Через десять лет после выхода «Быть женщиной» Моран изменила свое мнение о «работе над внешностью» и сама прибегла к ботоксу. Свое решение она объяснила тем, что процедура стала менее заметной и более эффективной, чем десять лет назад, а ее целью было не казаться моложе и красивее, а выглядеть не так «грустно», поскольку ее самоощущение должно отражаться во внешности. Я общалась с Лорой (49 лет), которая оправдывает ботокс похожим образом: «Ты как будто вечно недовольна, если уголки рта опущены. Конечно, форма рта у всех разная, но я понимаю, что мой с возрастом может стать именно таким. Мне придется больше улыбаться, чтобы показывать, как я на самом деле себя чувствую».

Может, то же самое происходит со мной? Может, я тоже выгляжу недовольной – по крайней мере, с учетом того, как считывается женская мимика в современной среде? То, что женщины моего возраста делают выбор в пользу ботокса, стараясь выглядеть «менее грустными», заставляет меня вспомнить все те годы, когда нам приходилось мириться с требованием мужчин подарить им улыбку. Сколько бы нам ни было лет и какие бы эмоции мы ни испытывали, наши лица должны приносить успокоение. Перед кабинетом хирурга не выстраивается очередь из мужчин среднего возраста, надеющихся выглядеть менее агрессивно, зло или разбито. Ботокс может помочь (и поможет) некоторым из нас избежать клейма ведьмы среднего возраста, «злой на весь мир, потому что ее кожа обвисла», но разве проблема состоит не в ограниченном эмоциональном диапазоне, допустимом для женщин независимо от их возраста? Если мы не можем понять, радуется женщина или грустит, только из-за морщин на лбу и обвисшей кожи на подбородке, мы скорее должны вырабатывать чуткость и эмпатию к эмоциям друг друга. «Изменения, естественно приходящие с возрастом и отражающиеся на женском лице, воспринимаются как нарастающее чувство злости», – пишет Фиби Мальц Бови. Это связано не с естественным выражением лиц женщин, а с их неестественно низким статусом.

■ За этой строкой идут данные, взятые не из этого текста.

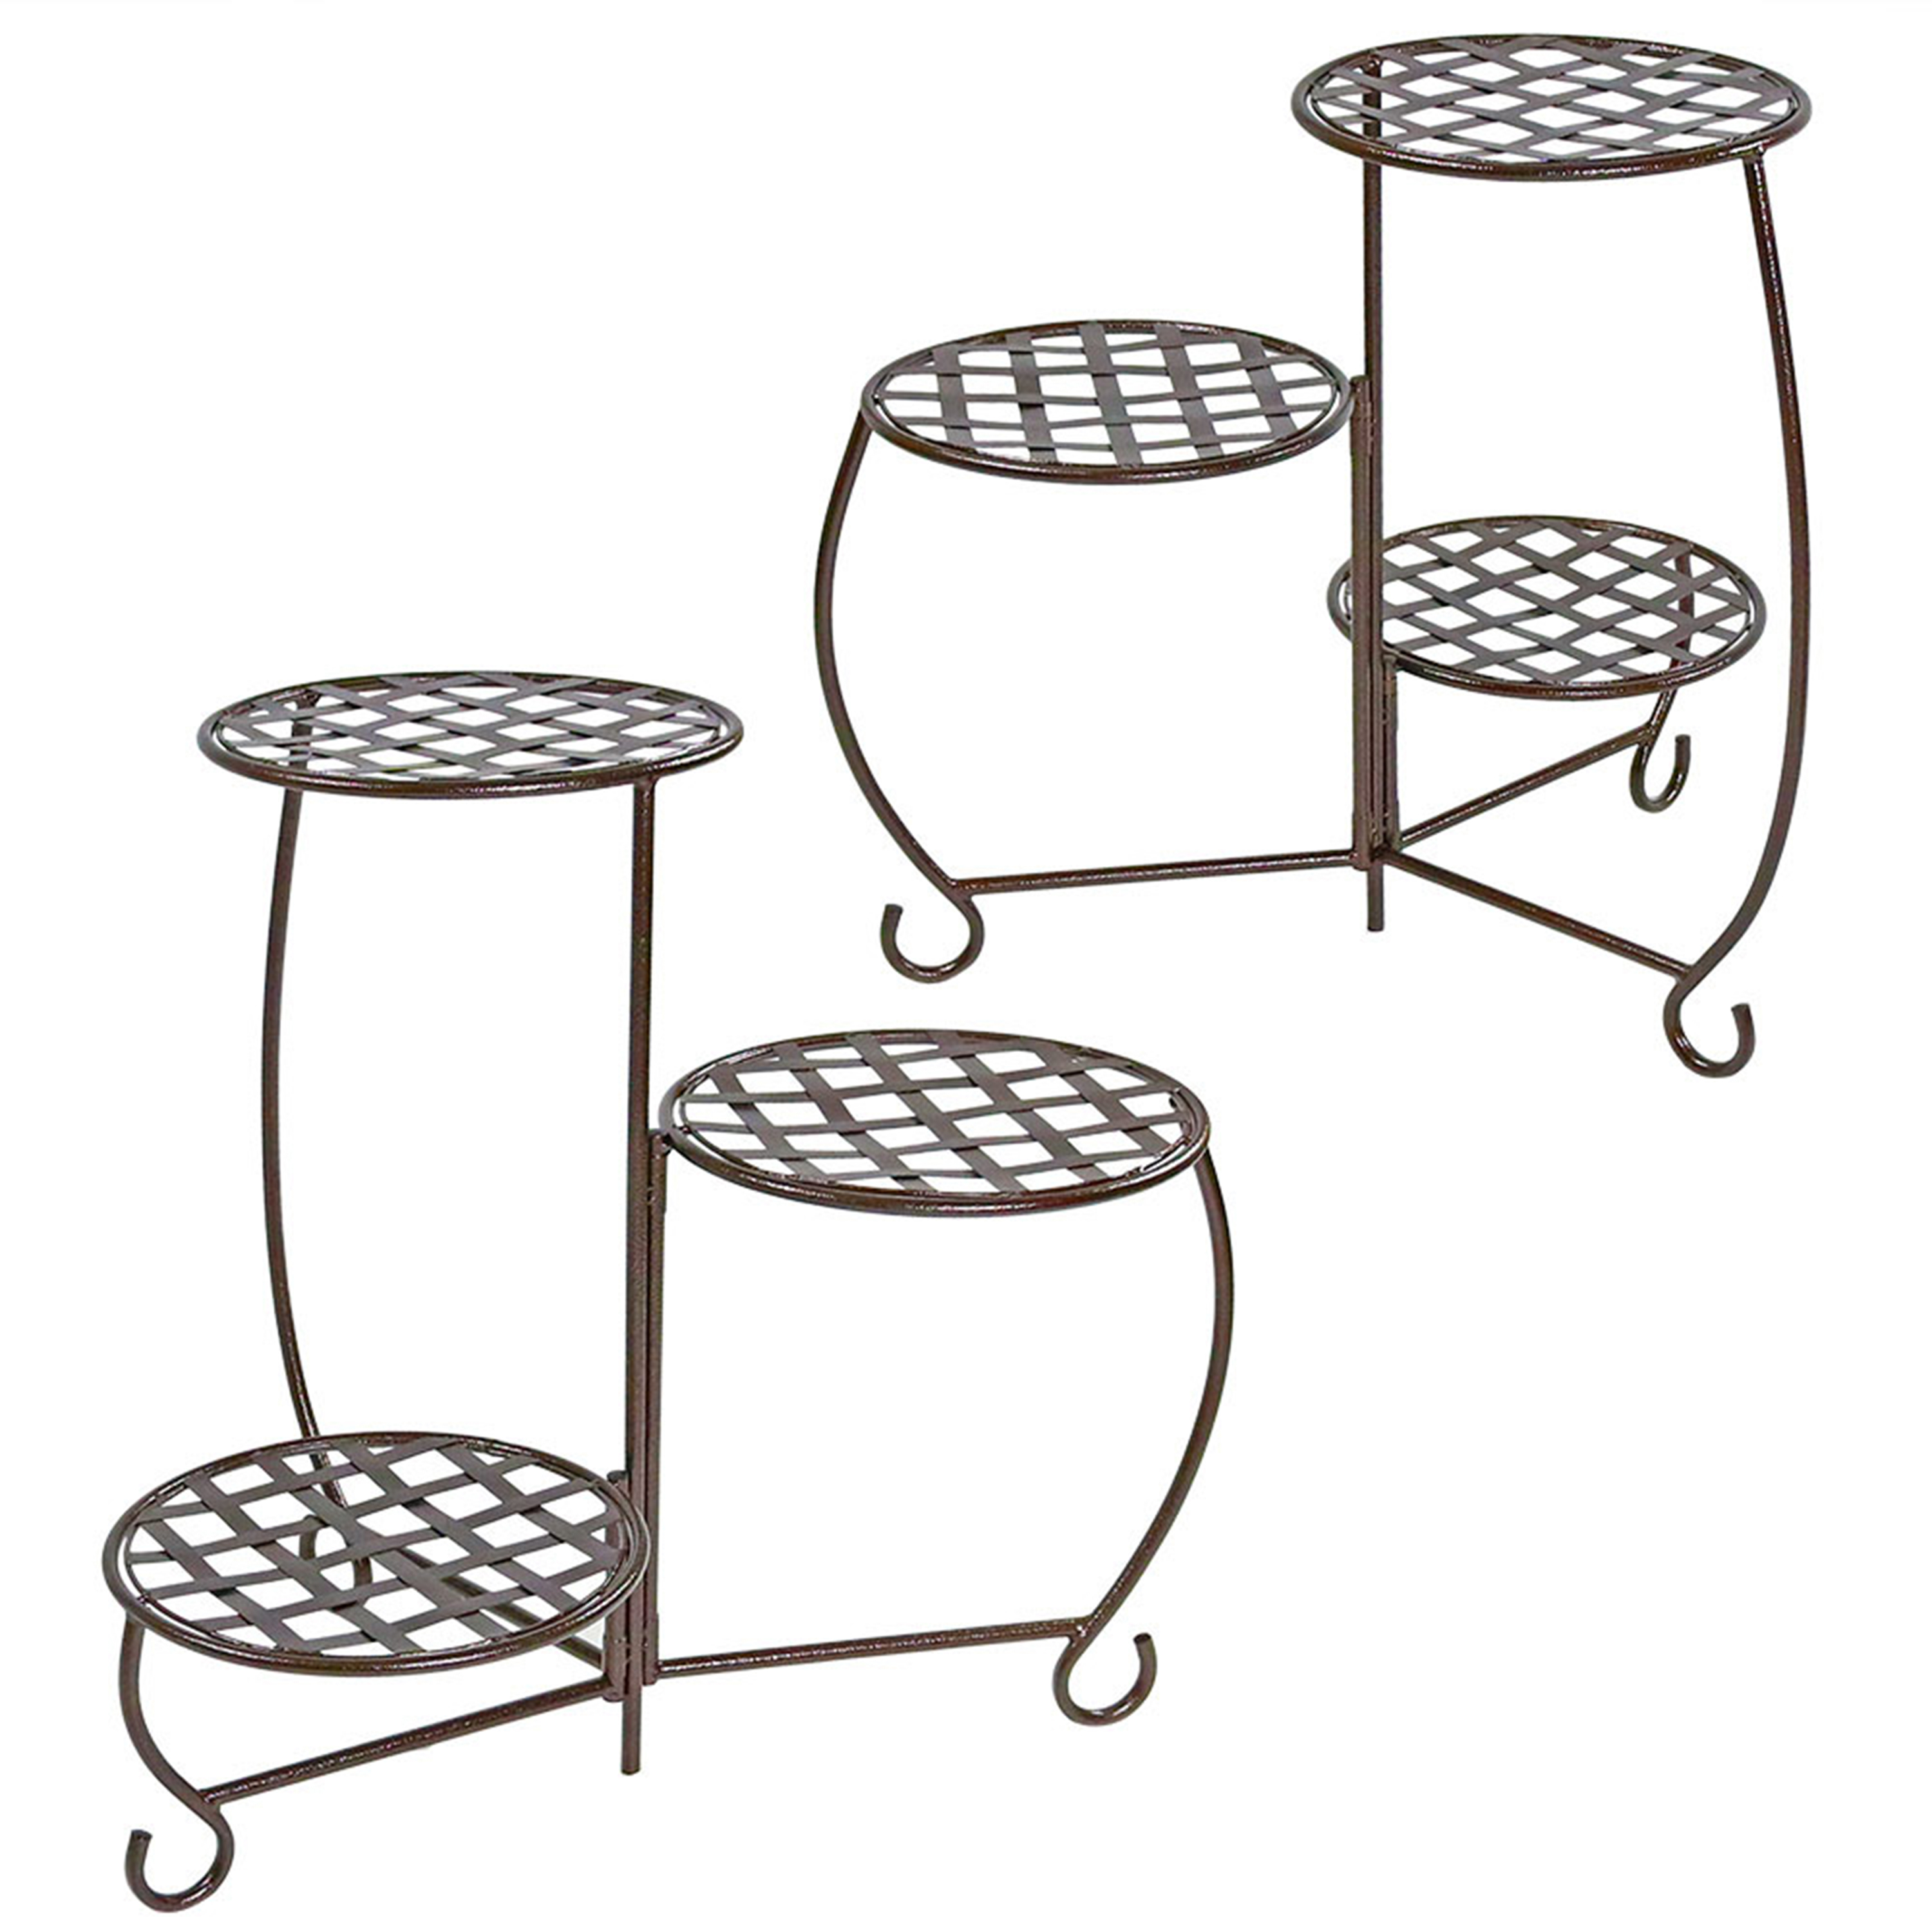 Sunnydaze Checkered Triple Planter Stand - Bronze - Set of 2

За последние 30 лет мы перестали ненавидеть пластическую хирургию. Вместо этого мы начали делить процедуры на три типа: антивозрастные, то есть позволяющие нам выглядеть молодо и симпатично (тщеславная и обманчивая цель), те, что делают нас похожими на самих себя, счастливых и настоящих (вроде как приемлемо), и те, что мы делаем, чтобы на нас не забили и не уволили (понятно, но ужасно). Все это не помогло немолодой внешности стать приемлемой. Наоборот, к работе, иронически названной Норой Эфрон «самообслуживанием», добавилась форма своеобразной моральной гимнастики: вам милосердно позволят быть частью практики, когда-то признанной симптомом притеснения женщин, если вы придумаете ей удачное интеллектуальное или экономически выгодное оправдание. В то же время отказ от участия в этой практике вызовет еще более яростную критику в ваш адрес (ведь она признана непритесняющей).

Я понимаю чувство отчужденности, возникающее вместе с осознанием: я выгляжу не так, как я себя представляю. Я понимаю, почему попытка вернуть свой «истинный облик» придает сил. Желание поддержать угасающий свет в целом свойственно людям. Но аргумент о сохранении «настоящей себя» в битве со временем связан для меня с куда более страшной уловкой: женоненавистническим представлением о том, что женщина, имеющая ценность, не выглядит, как вы.